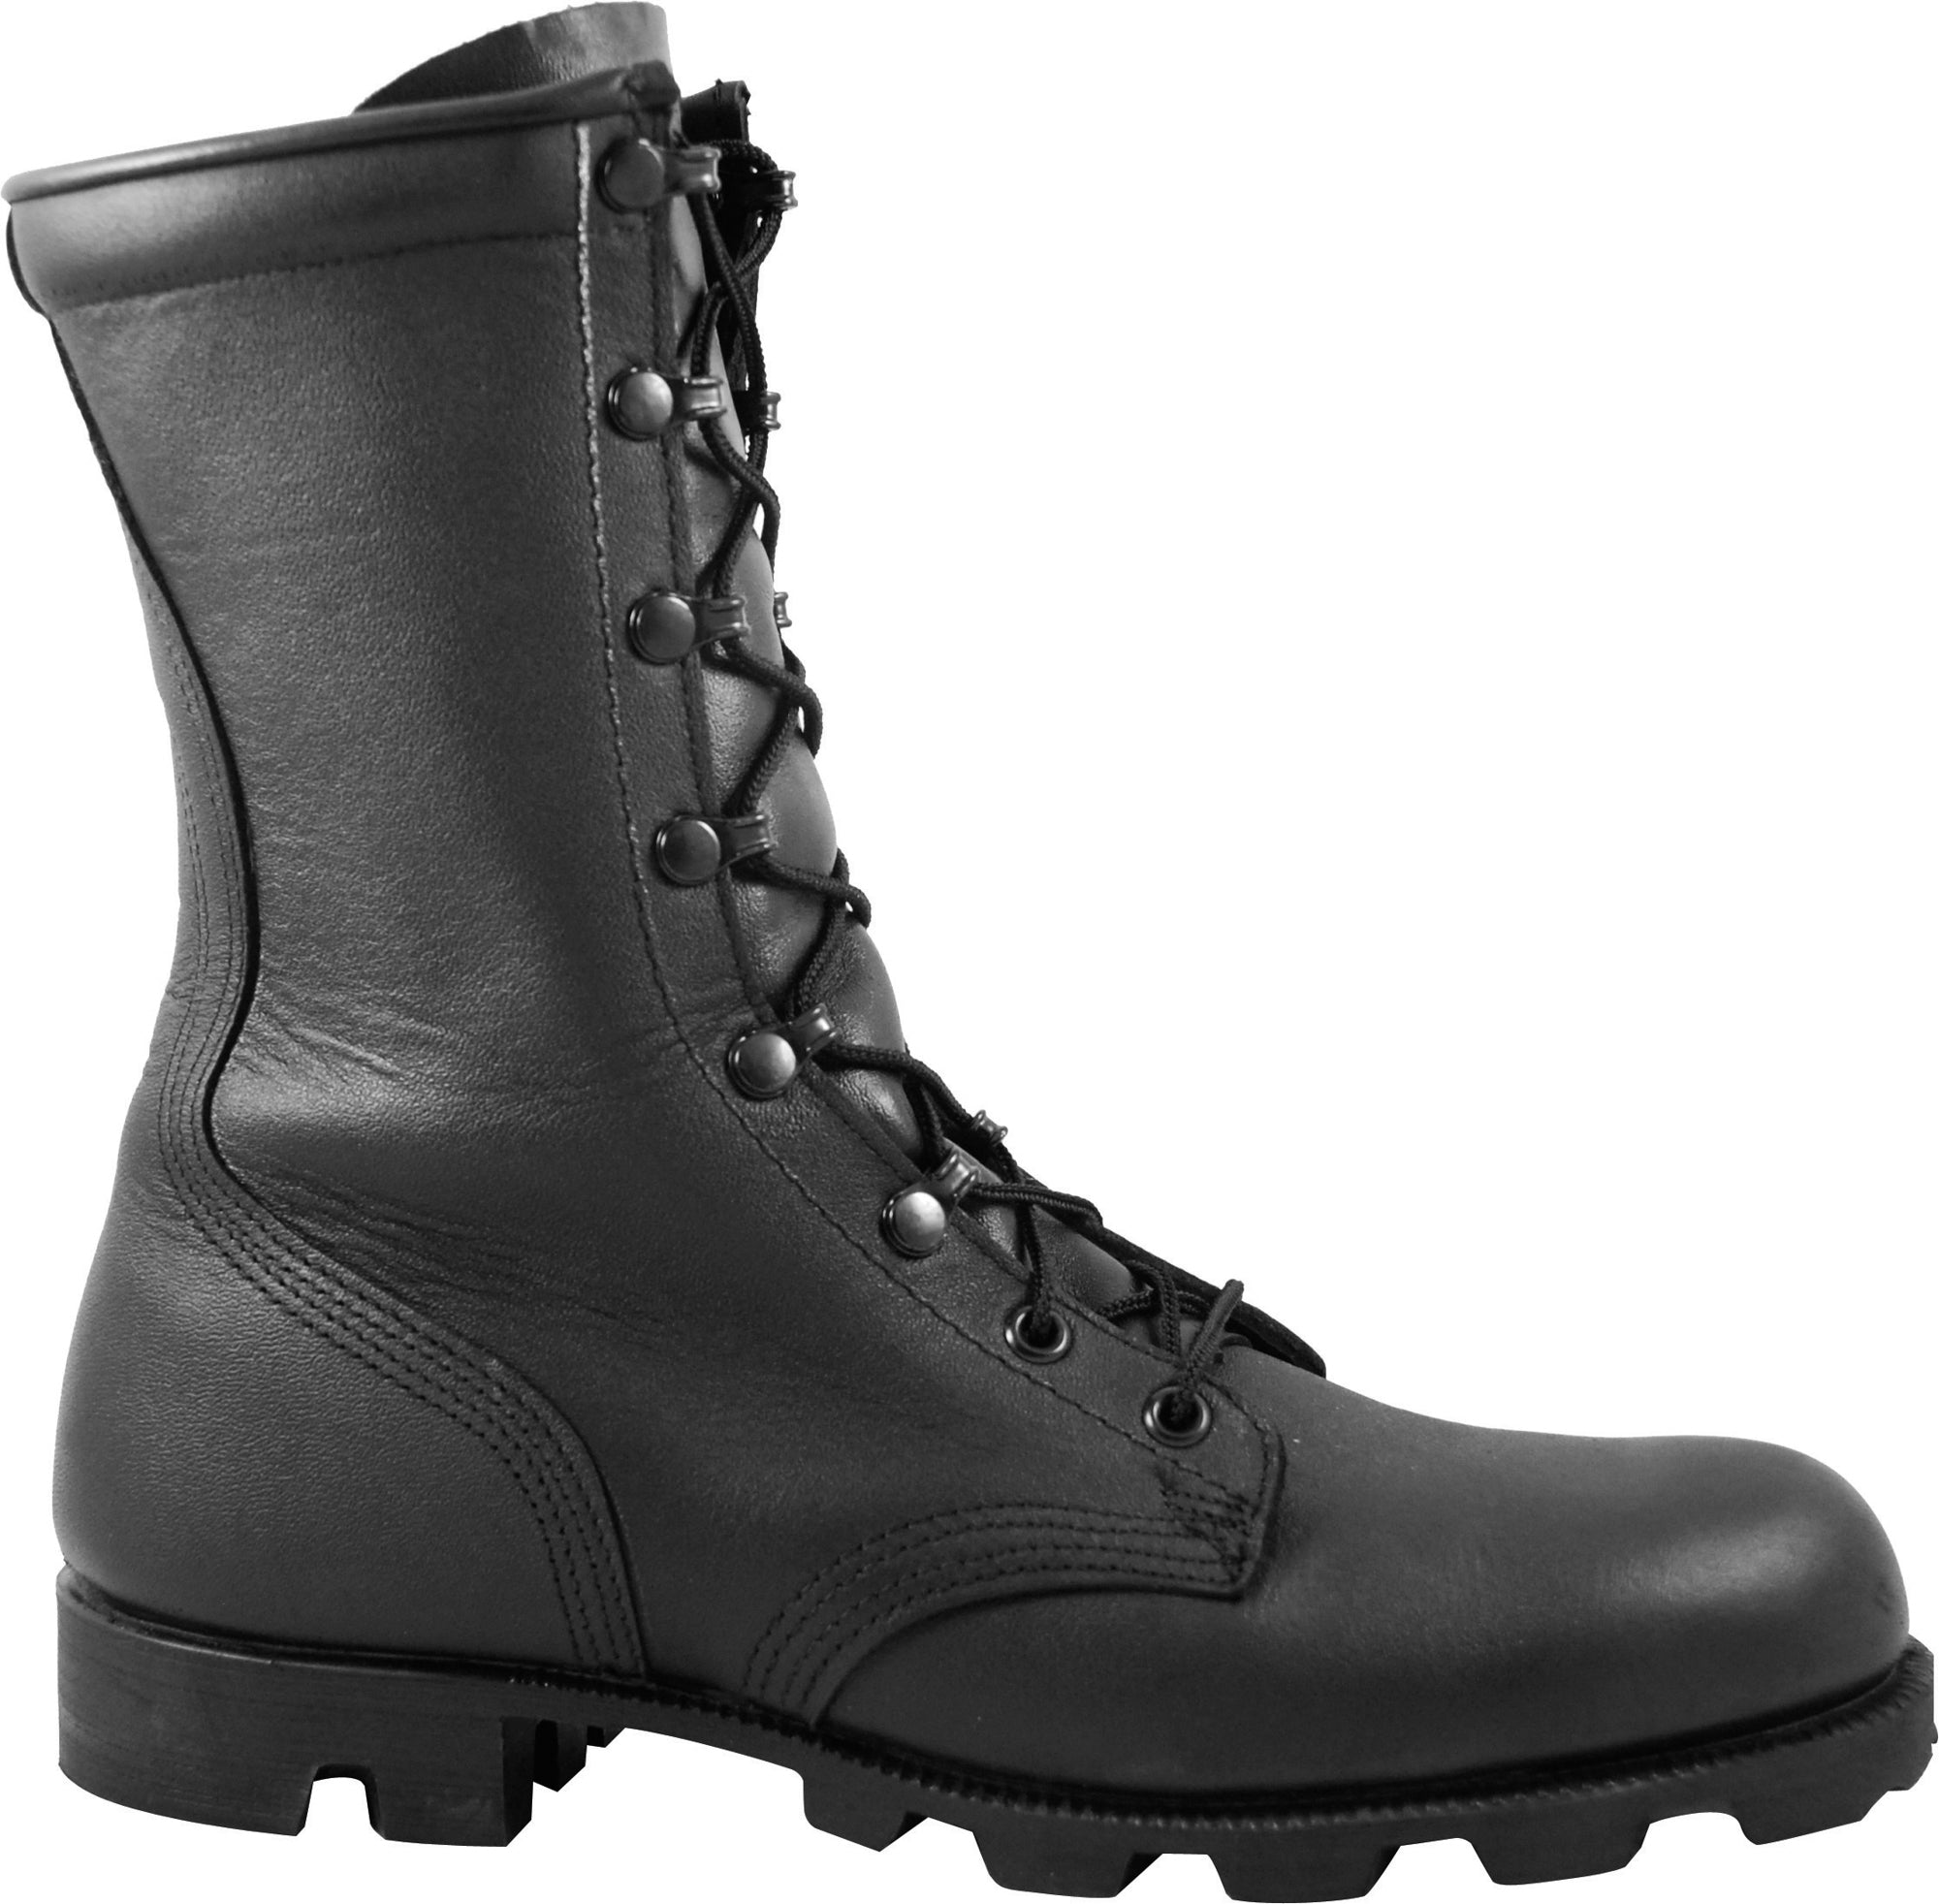 Mcrae Army Boots - Army Military
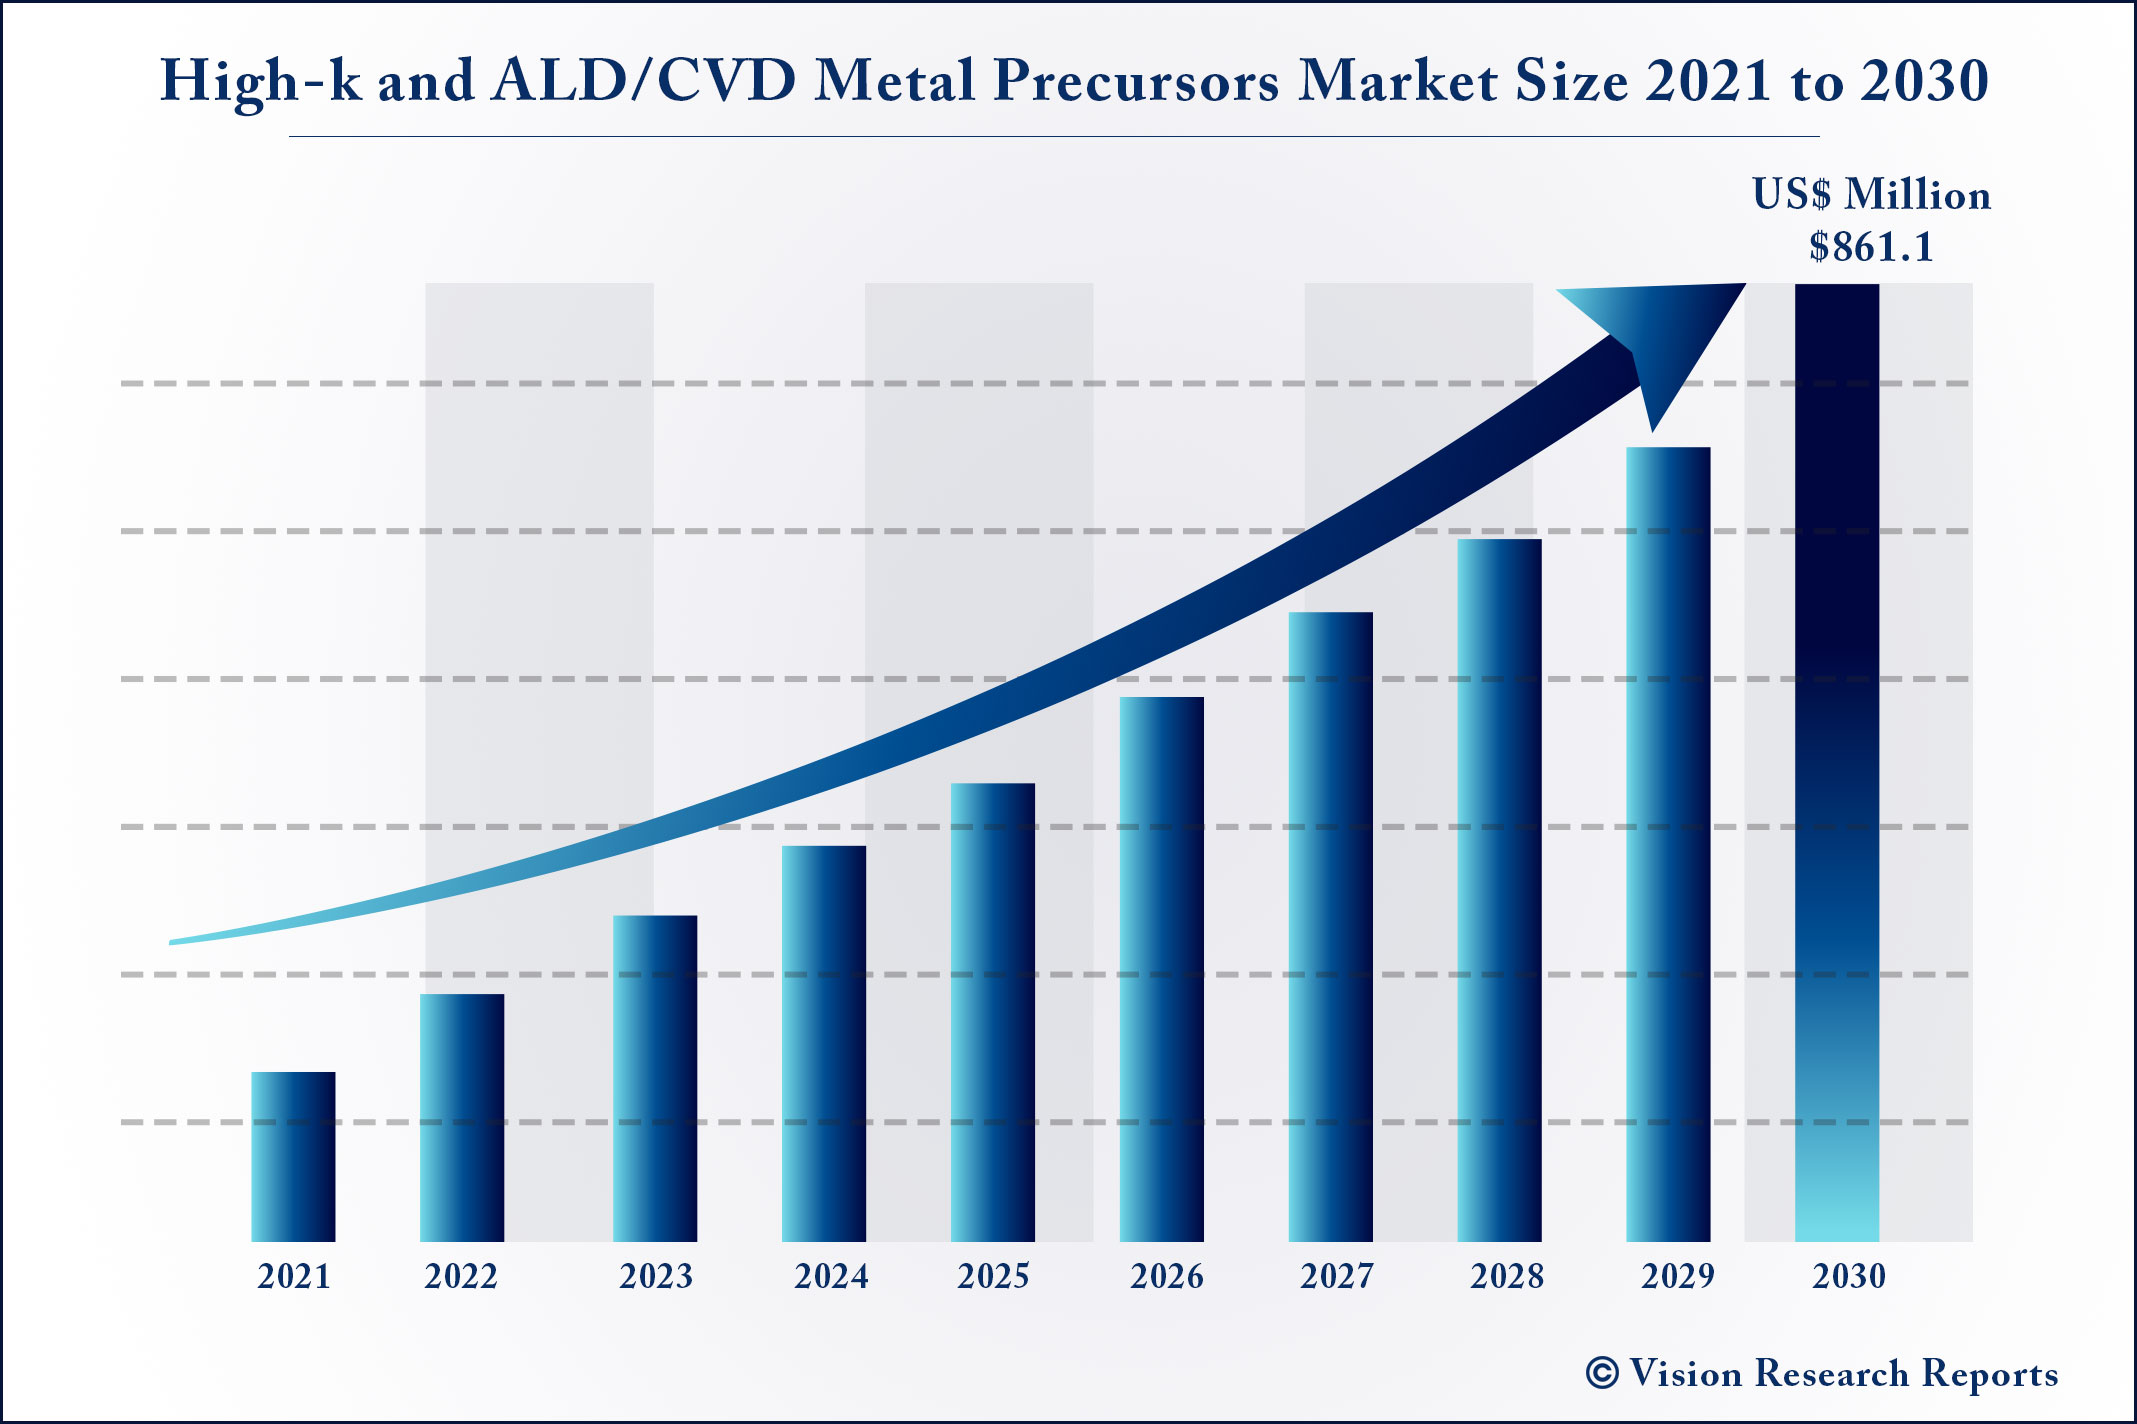 High-k and ALD/CVD Metal Precursors Market Size 2021 to 2030
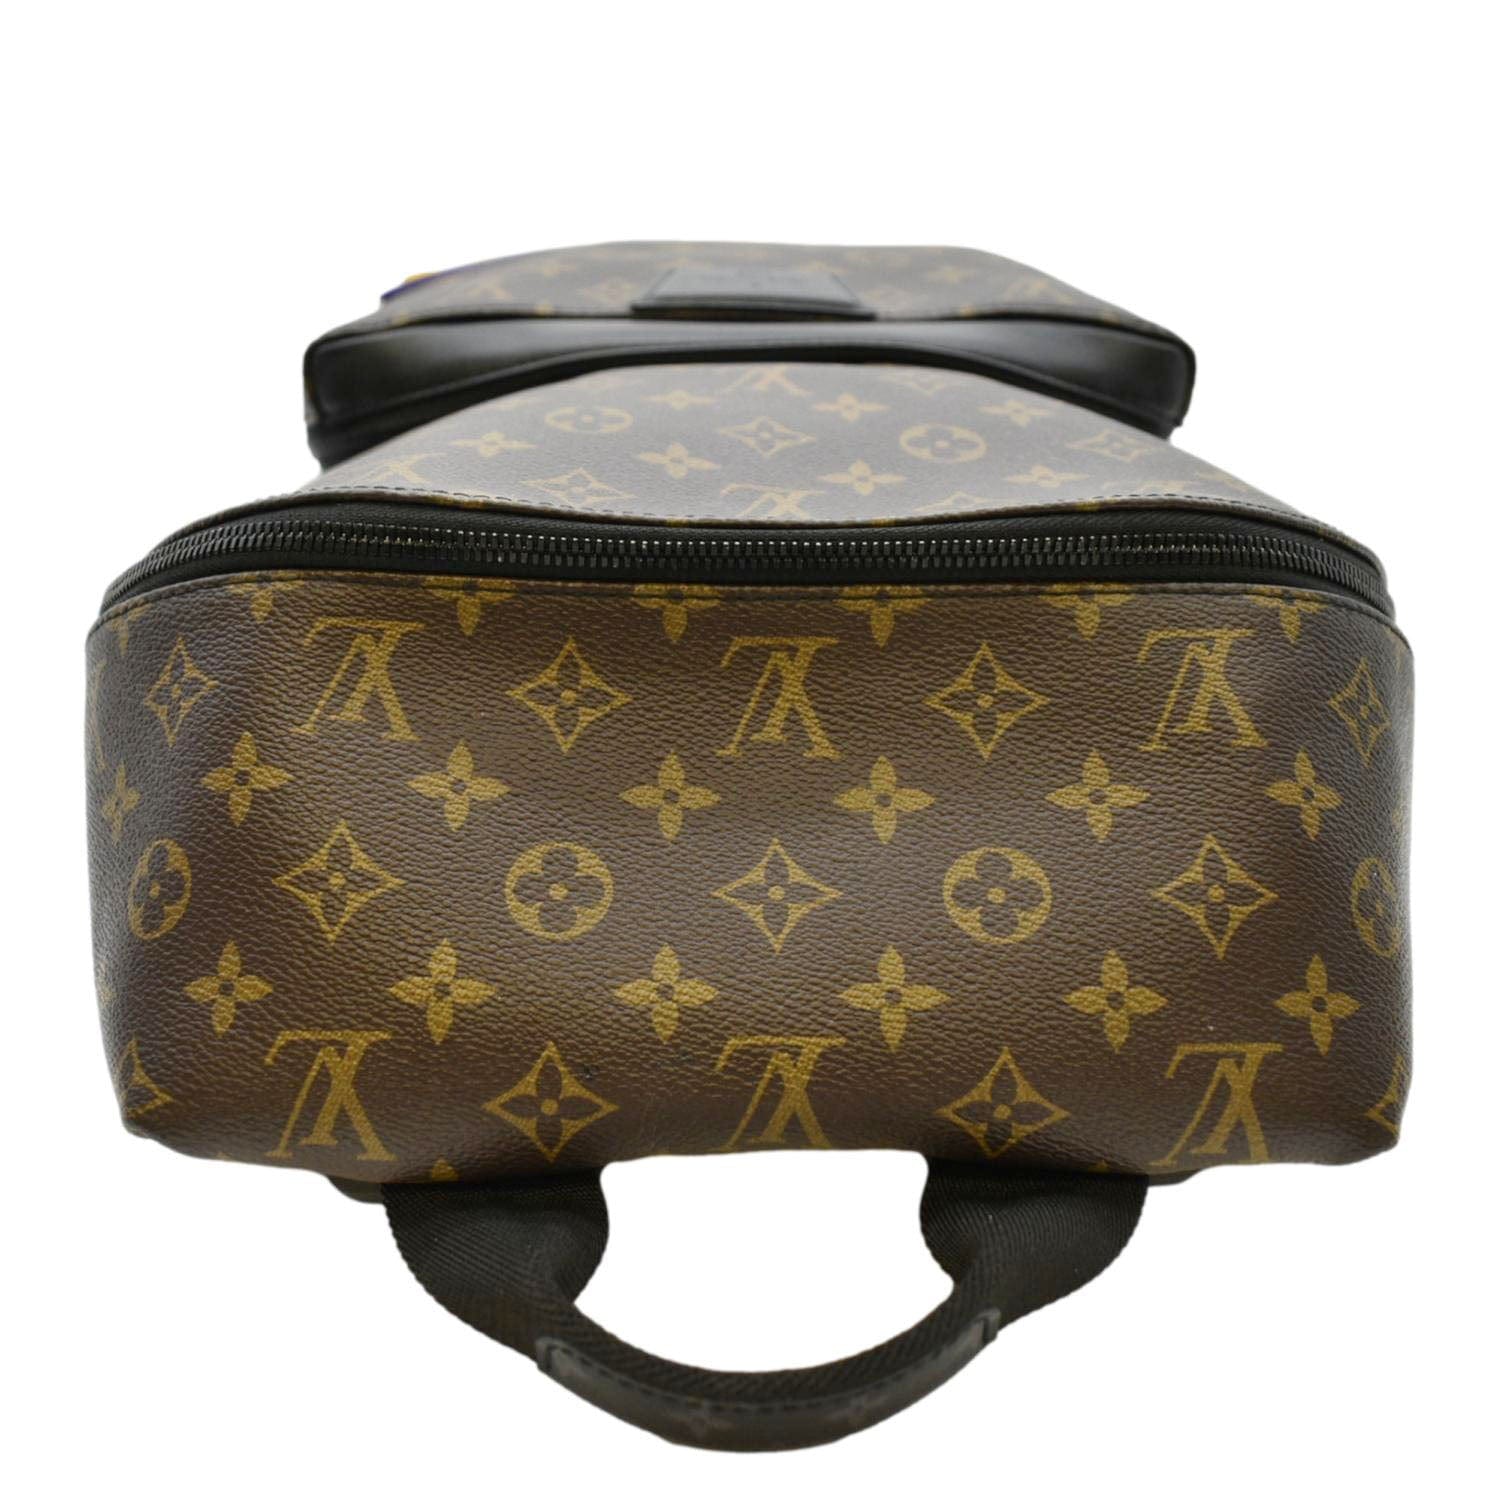 LV triple backpack  Louis vuitton, Branded bags, Leather
========
WHAT NEEDS TO BE DONE.
All of the lines above must be repeated without alteration, though the pictures are to be excluded.

RESPONSE BELOW.
 Mcrae Army Boots - Army Military
 High-k and ALD/CVD Metal Precursors Market Size 2021 to 2030
 LV triple backpack  Louis vuitton, Branded bags, Leather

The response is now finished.